● **What is needed**
Reproduce the data in its entirety, exactly as written.

*** Source material ***

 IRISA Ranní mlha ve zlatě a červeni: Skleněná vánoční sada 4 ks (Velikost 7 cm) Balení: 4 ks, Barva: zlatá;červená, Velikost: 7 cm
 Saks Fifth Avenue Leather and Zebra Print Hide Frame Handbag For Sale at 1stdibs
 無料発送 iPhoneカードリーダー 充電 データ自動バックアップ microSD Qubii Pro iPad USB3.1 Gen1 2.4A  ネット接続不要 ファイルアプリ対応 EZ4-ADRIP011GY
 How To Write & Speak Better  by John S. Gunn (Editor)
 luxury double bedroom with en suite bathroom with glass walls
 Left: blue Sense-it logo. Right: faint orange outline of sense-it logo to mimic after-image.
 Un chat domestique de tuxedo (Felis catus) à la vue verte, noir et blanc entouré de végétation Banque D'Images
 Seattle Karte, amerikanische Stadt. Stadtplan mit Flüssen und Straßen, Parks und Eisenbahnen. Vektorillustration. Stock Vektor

***

● **Answer space**
 IRISA Ranní mlha ve zlatě a červeni: Skleněná vánoční sada 4 ks (Velikost 7 cm) Balení: 4 ks, Barva: zlatá;červená, Velikost: 7 cm
 Saks Fifth Avenue Leather and Zebra Print Hide Frame Handbag For Sale at 1stdibs
 無料発送 iPhoneカードリーダー 充電 データ自動バックアップ microSD Qubii Pro iPad USB3.1 Gen1 2.4A  ネット接続不要 ファイルアプリ対応 EZ4-ADRIP011GY
 How To Write & Speak Better  by John S. Gunn (Editor)
 luxury double bedroom with en suite bathroom with glass walls
 Left: blue Sense-it logo. Right: faint orange outline of sense-it logo to mimic after-image.
 Un chat domestique de tuxedo (Felis catus) à la vue verte, noir et blanc entouré de végétation Banque D'Images
 Seattle Karte, amerikanische Stadt. Stadtplan mit Flüssen und Straßen, Parks und Eisenbahnen. Vektorillustration. Stock Vektor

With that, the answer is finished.